What the hell is that?  If you look at him cross-eyed he disintegrates. Can’t function. And I don’t mean just a tear or two you dab away with a quick application of a corner of Kleenex.  No, no.  This is street-screamer crazy.  It starts with a quaver in his voice.  Then there’s the eye shift followed by the lip bite and the horridly long pause as he struggles to keep it together. Then total, estrogen-fueled, moon-pie implosion as words choke out in ragged squeaks and his hands wave around helplessly. Jesus god. It makes you want to dig a hole and die it’s so embarrassing. And this could be our President should something horrible happen that decapitated America’s top leadership?  That’s not so farfetched, either, given how screwed up everything is.  Wikileaks, as just one example, getting a digital download from an Army buck private, for godssake, of every intelligence secret we ever had short of our damn nuclear codes.  How the hell could we operate with a “commander in chief” who couldn’t be permitted to get two feet away from a “handkerchief”? 

Our Edmund Muskie on steroids says he no longer can even visit a school without having a meltdown, because he can’t handle “seeing all those little children pursuing the American Dream.” Gag me. You know what he can’t handle?  He can’t handle the fact that you can’t smoke in school. Even in the boys’ room. Not that he might not want to hang out in the boys’ room whether he’s smoking in there or not. I don’t know. I do know that John Boehner brings fresh intensity to the word, “phony.”  If he’s so concerned about kids in school running after the American Dream, then he might want to set an example for them so that they’re able to run by knocking off the kind of cigarette habit we haven’t seen since the late Marlboro man turned his lungs into charcoal deposits. It also might enhance Boehner’s believability to a degree if he stopped his addiction to buckets of “fat-cat cash” from Big Tobacco for a few minutes.

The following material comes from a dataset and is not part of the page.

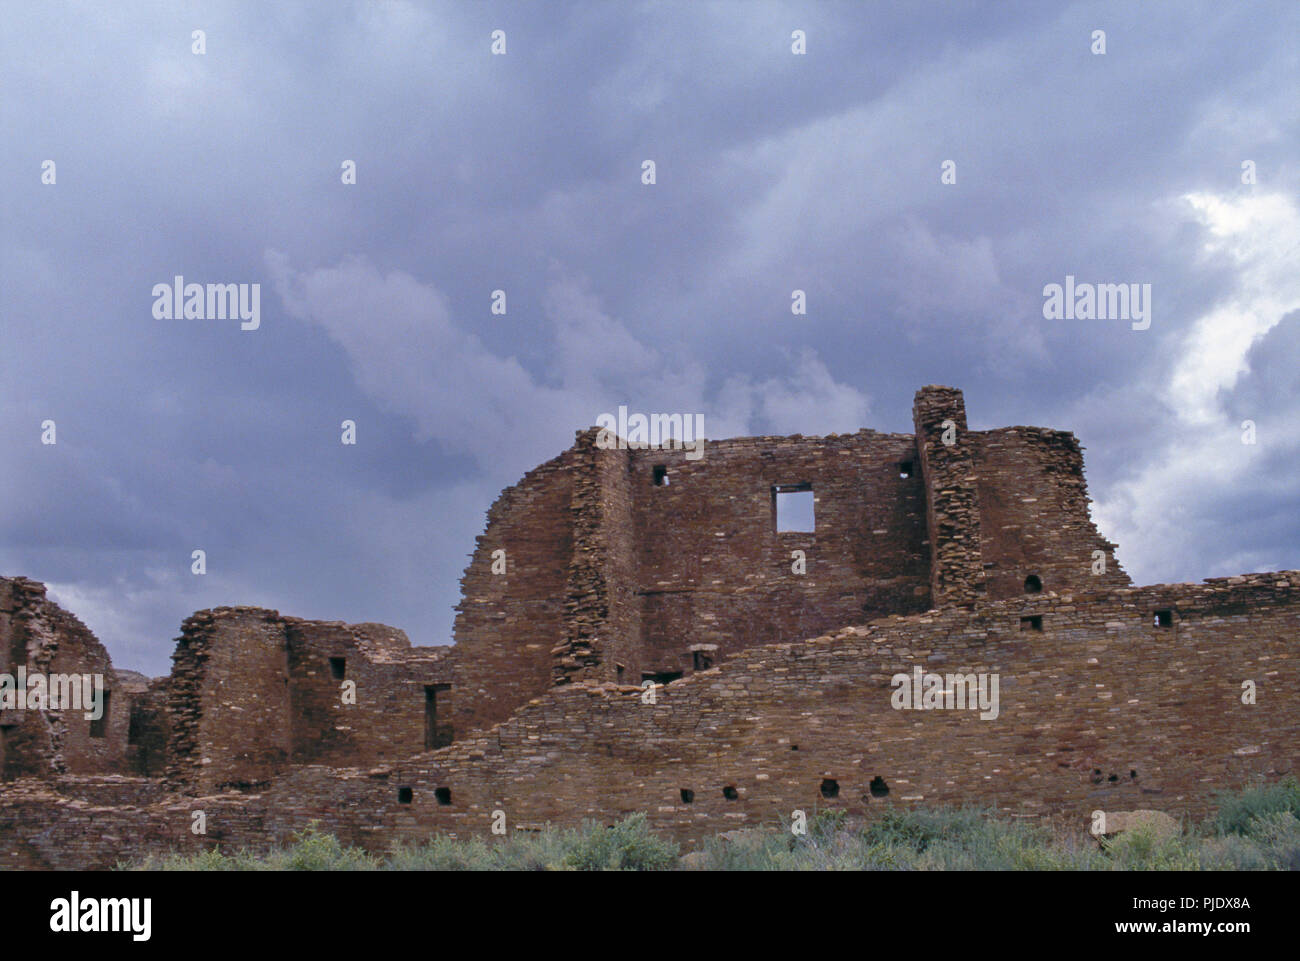 Ruines Anasazi de Pueblo Bonito, Chaco Canyon, Nouveau Mexique. Photographie Banque D'Images

One final thing Mr. Boehner might do to get some of the shuck-and-jive off him; come clean on the tanning deal.  To this point he flatly denies that he’s a regular at the local Irradiation Cancer Salon.  Actually, it could be that he’s not.  Those things just turn you “uranium red” and make your skin flake off in sheets.  I don’t think you can achieve Boehner’s particular hue unless you run yourself through one of those Earl Scheib chambers that “spray” on the sham color. Either way, the bottom line is who does he think he’s fooling?  If he can’t just say, “Yes, to go along with my utterly phony concern for others I also fake a year-round tan,” what else is he willing to lie to us about?

So, here’s what I’m predicting, and you know I’m not often wrong sizing up this kind of thing:  I’m saying that when we all get a full dose of this stilted stiff…as god-awful synthetic, pretentious and counterfeit as she was, we’ll soon be chanting, “Bring back Nancy.” For Mr. Boehner not only drank the Kool Aid, he marinated in it.  And it was orange.